UK Research Data Service Feasibility Study

The blog has been very quiet over August and the holidays. This is just a brief first entry (more to come next month) to flag up major consultancy work the company has been undertaking with SERCO Consulting over the last six months on a UK Research Data Service feasibility study for the Higher Education Funding Council for England (HEFCE).

The study has been initiated and led by the consortium of Research Libraries in the UK and Ireland (RLUK) and the Russell Group [of UK Universities] IT Directors (RUGIT) and aims to assess the feasibility and costs of developing and maintaining a national shared digital research data service for UK Higher Education sector. There is more background information on the UKRDS website.

A major part of the study has involved a feasibility and requirements stage working with the universities of Bristol, Leeds, Leicester and Oxford to survey over 700 academics in disciplines across the universities on their research data use and requirements. You will find further information on the Oxford results on the Oxford Scoping Digital Repository Services for Research Data Management Project website. Further information on the overall survey and findings will be available soon and a link and commentary will be posted on the blog.

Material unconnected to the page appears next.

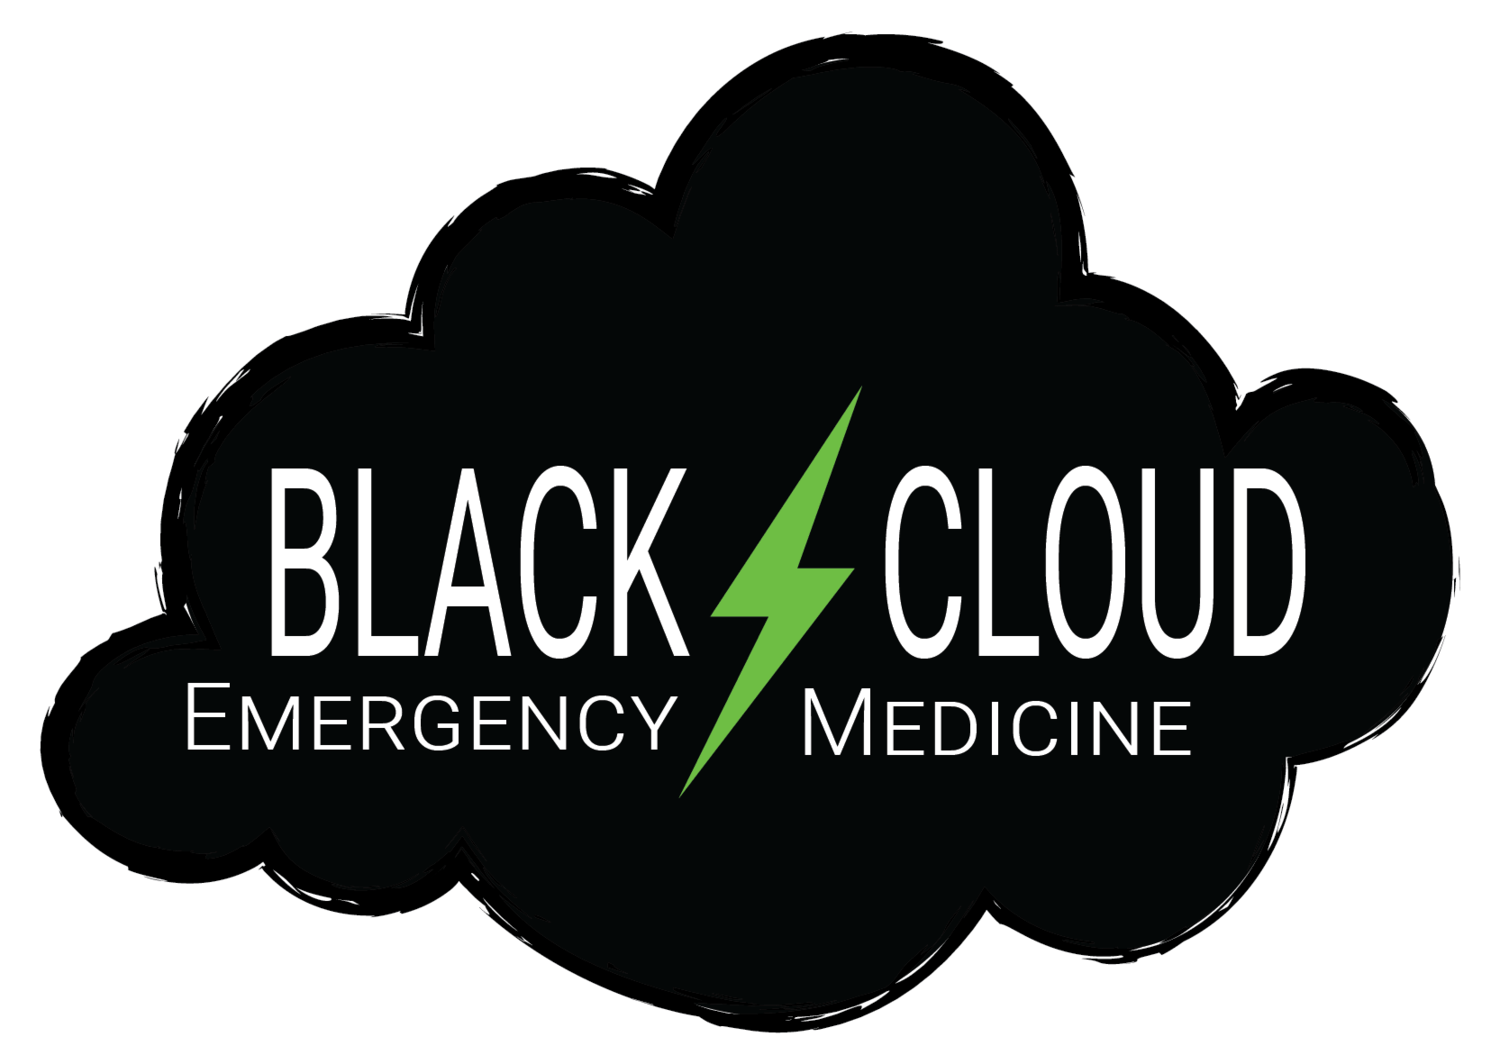 Black Cloud Logo - The Black Cloud — Black Cloud EM

just published: Research Data Preservation Costs Report

I have posted two previous entries to the blog in March and January detailing progress with the JISC-funded research data preservation costs study. I am pleased to report that the online executive summary and full report (pdf file) titled “Keeping Research Data Safe: a cost model and guidance for UK Universities” is now published and can be downloaded from the JISC website.

It has been an very intensive piece of work over four months and I am extremely grateful to the many colleagues who contributed and made this possible. We have uncovered a lot of valuable data and approaches and hope this can be built on by future studies and implementation and testing. We have attempted to “show our workings” as far as possible to facilitate this so the text of the report is accompanied by extensive appendices.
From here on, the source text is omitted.